Task item →
Everything from the line with "Elon Musk à côté d'une voiture Tesla" through the last line of the data below should be copied exactly, apart from the pictures.

Dataset excerpt →
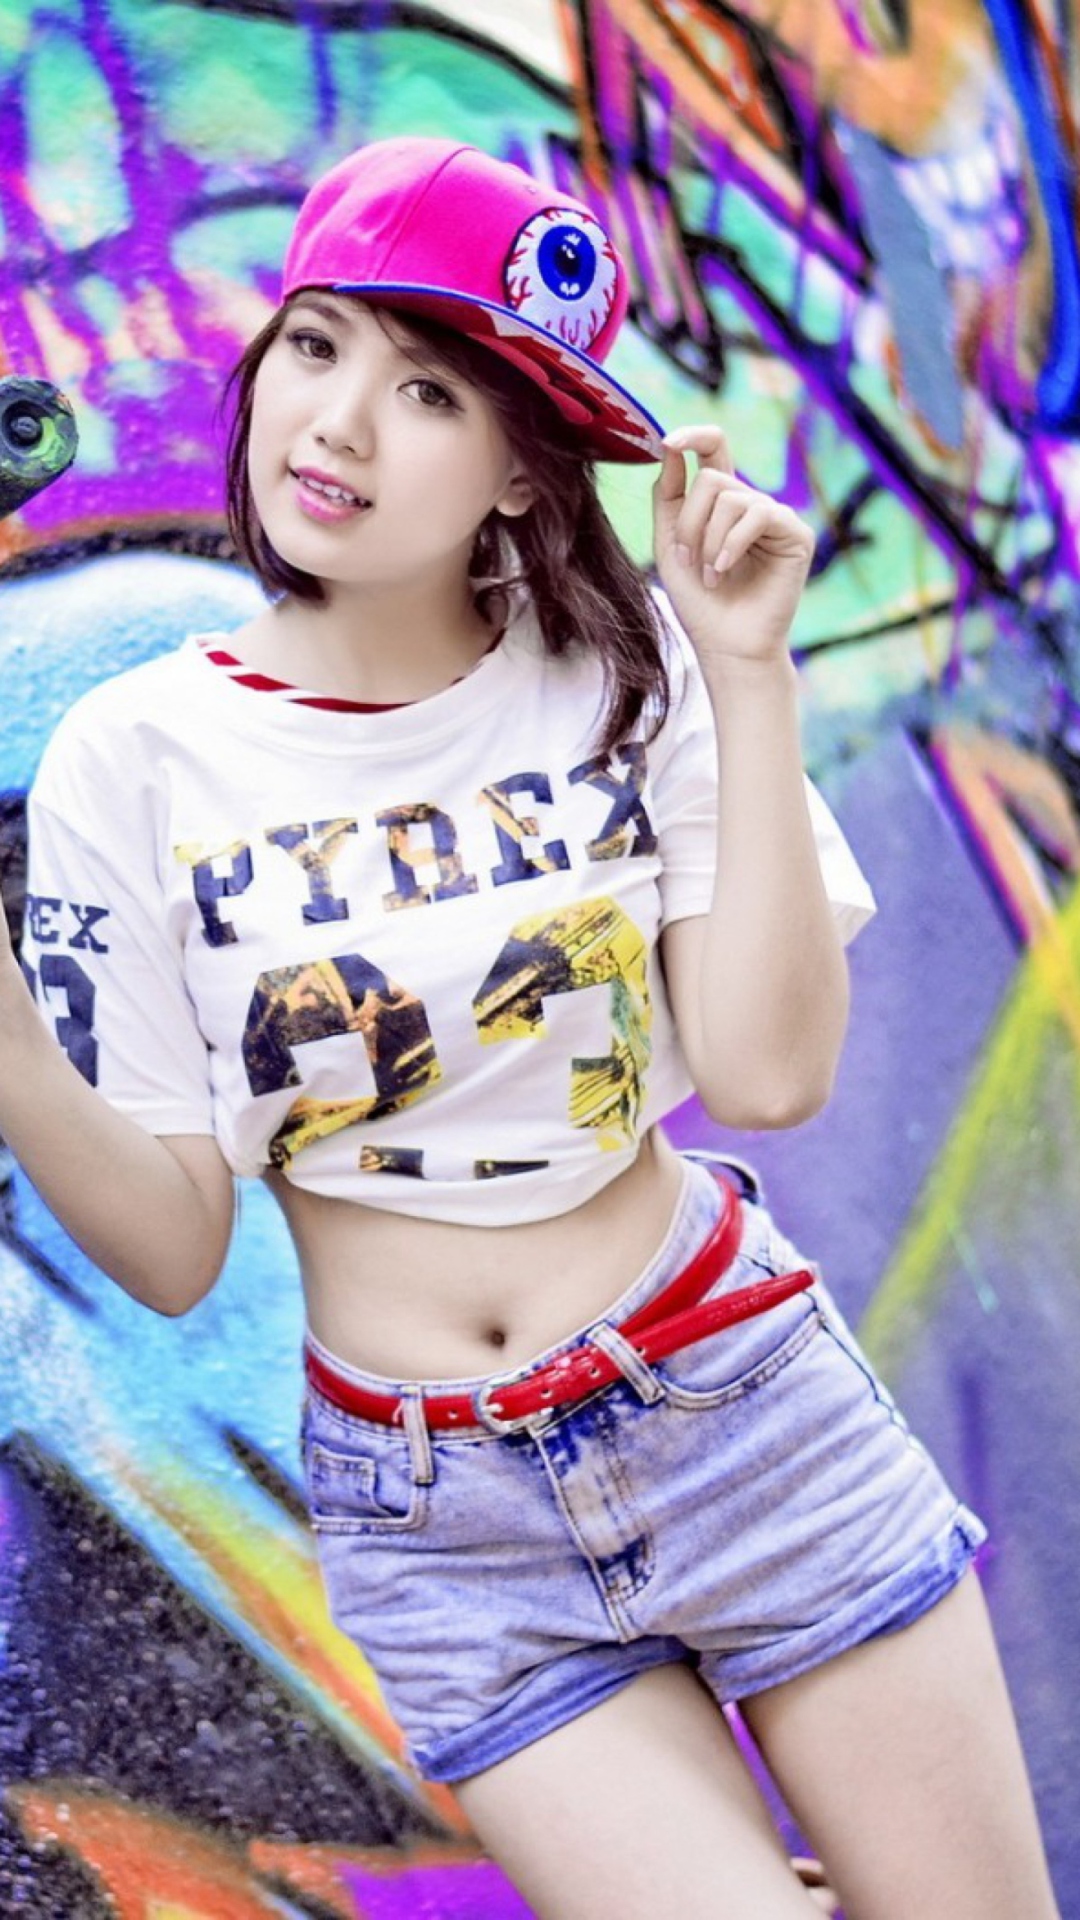 Обои Cute Asian Graffiti Artist Girl 1080x1920
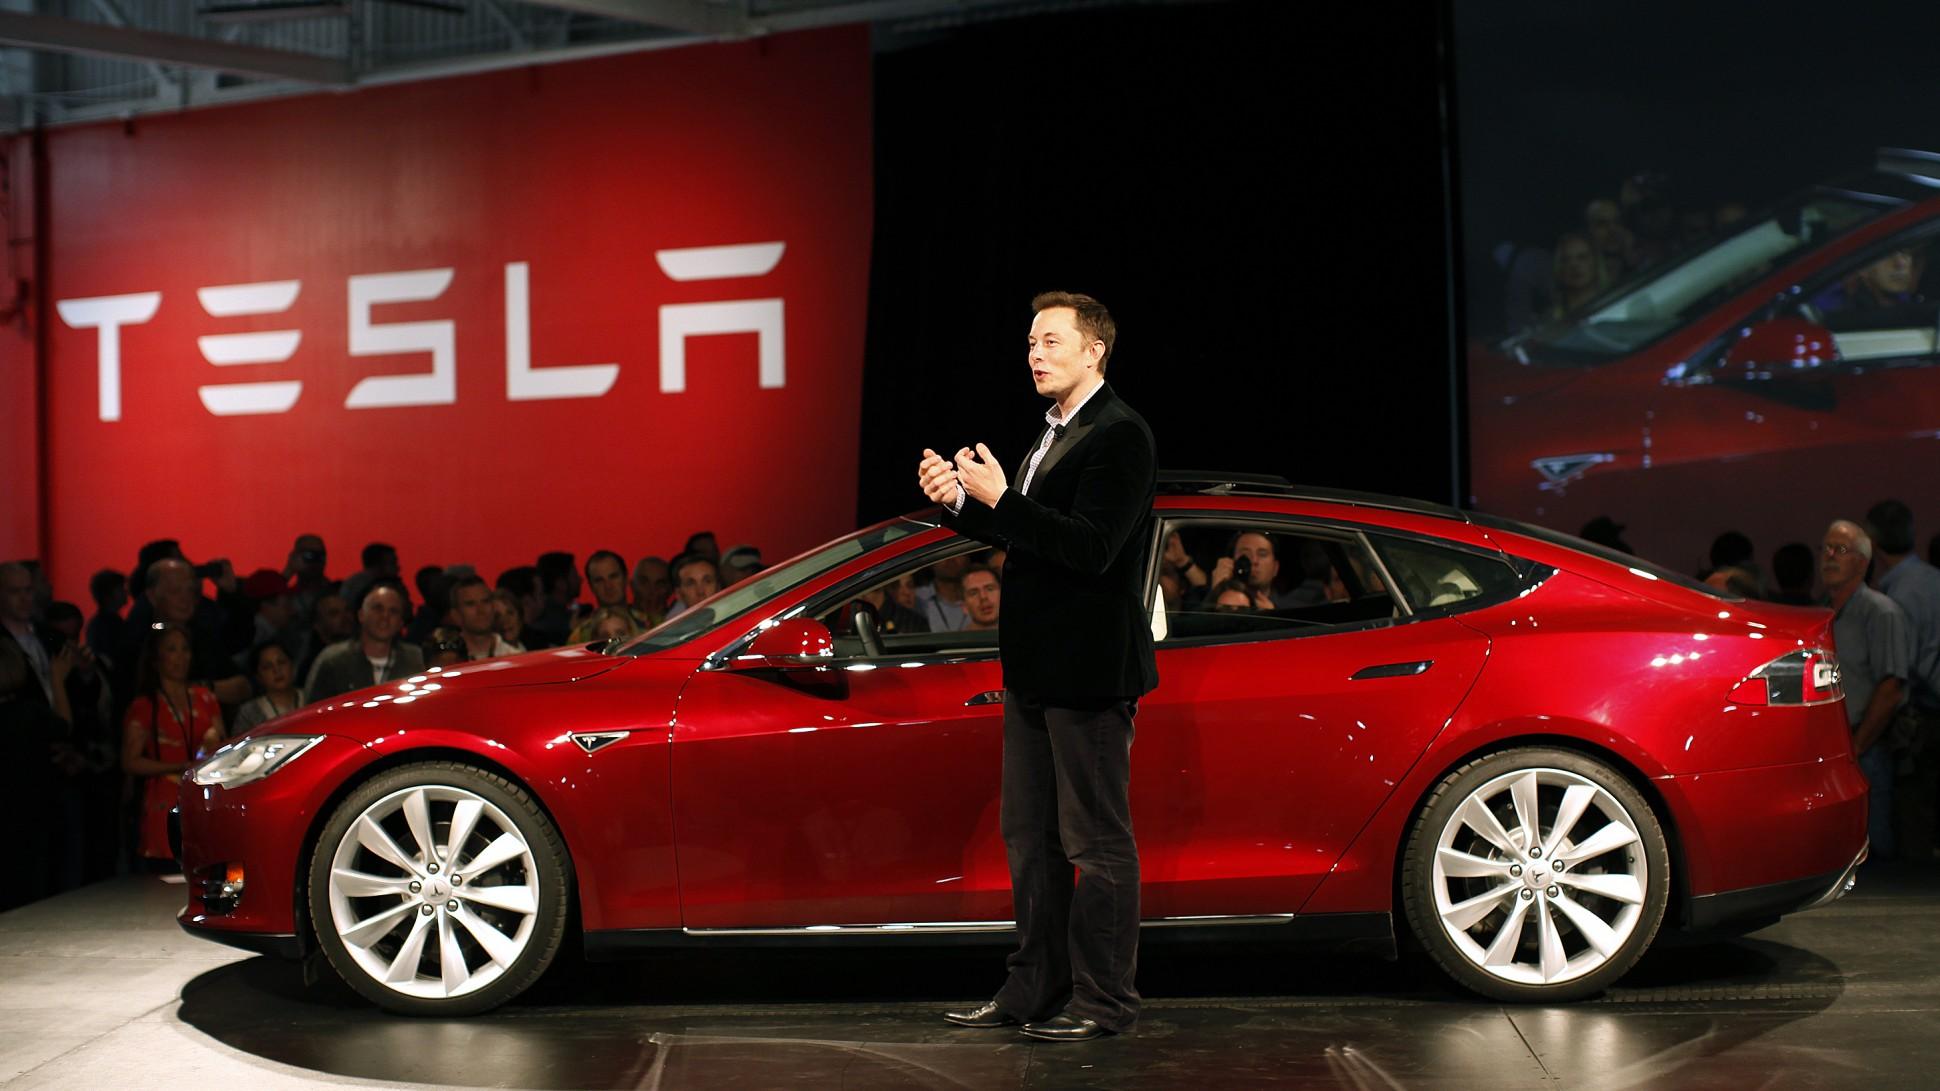 Elon Musk à côté d'une voiture Tesla
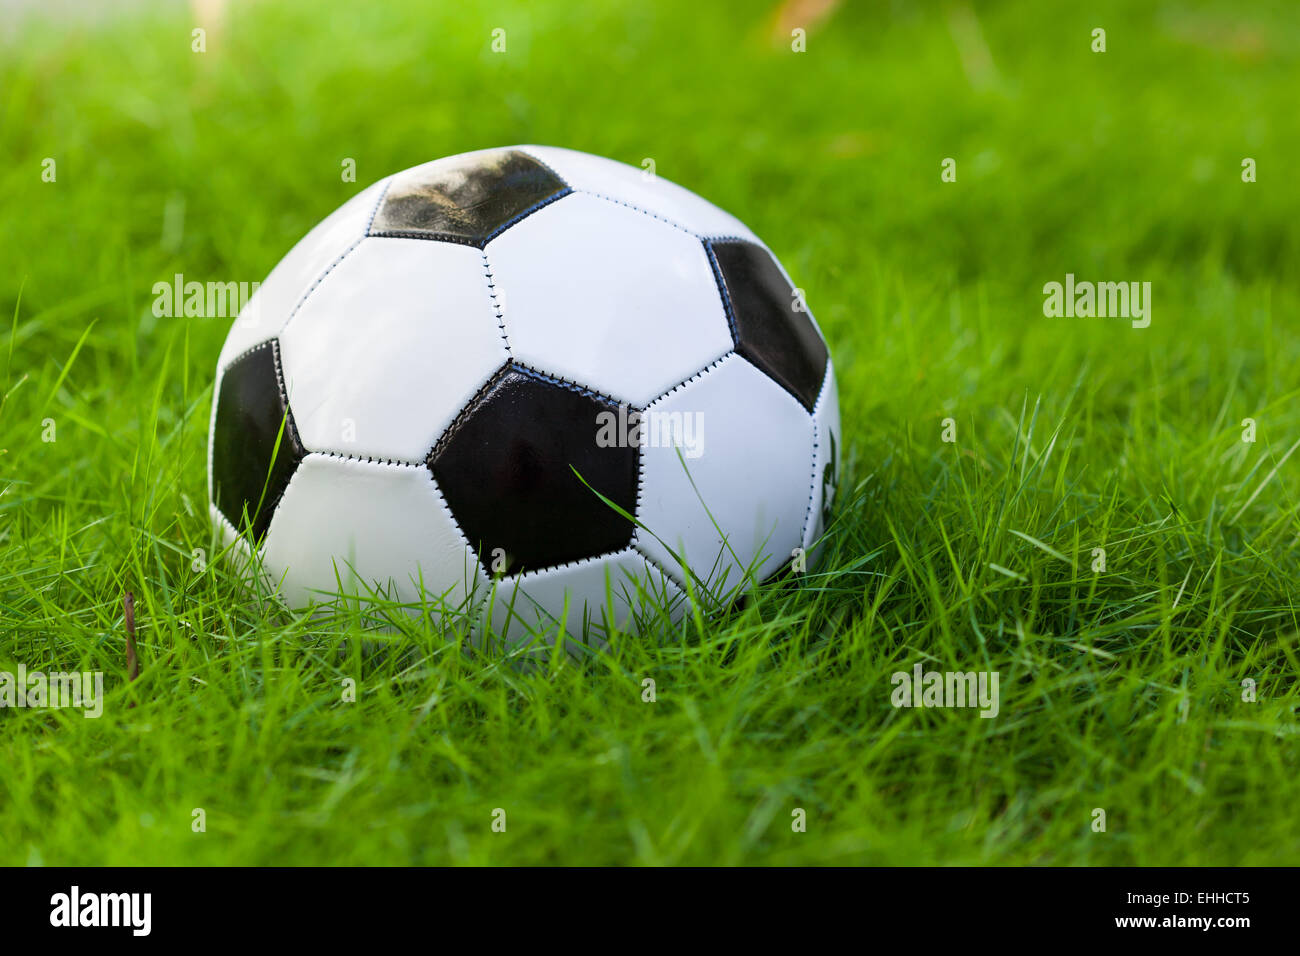 Ballon de soccer sur le terrain d'herbe verte libre Banque D'Images
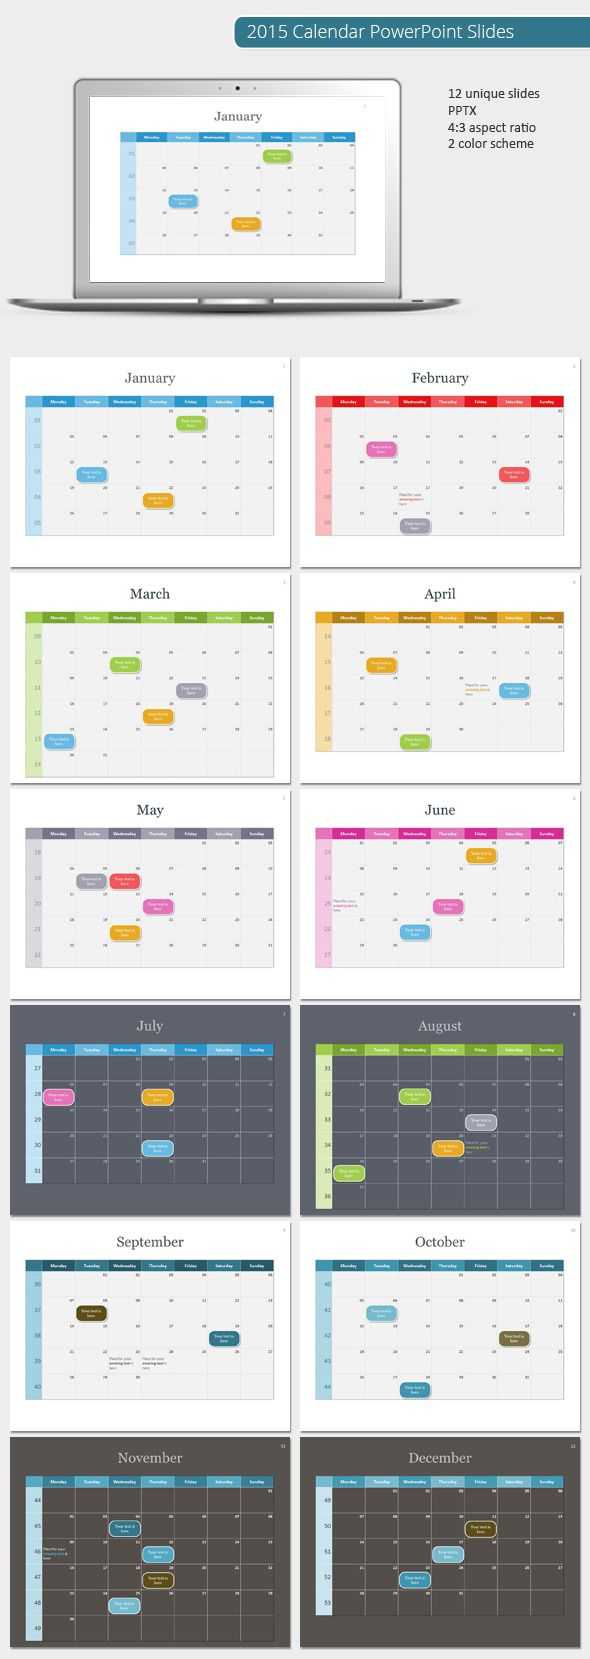 2015 Calendar Powerpoint Template (Powerpoint Templates For Powerpoint Calendar Template 2015

Answer space →
 Elon Musk à côté d'une voiture Tesla
 Ballon de soccer sur le terrain d'herbe verte libre Banque D'Images
 2015 Calendar Powerpoint Template (Powerpoint Templates For Powerpoint Calendar Template 2015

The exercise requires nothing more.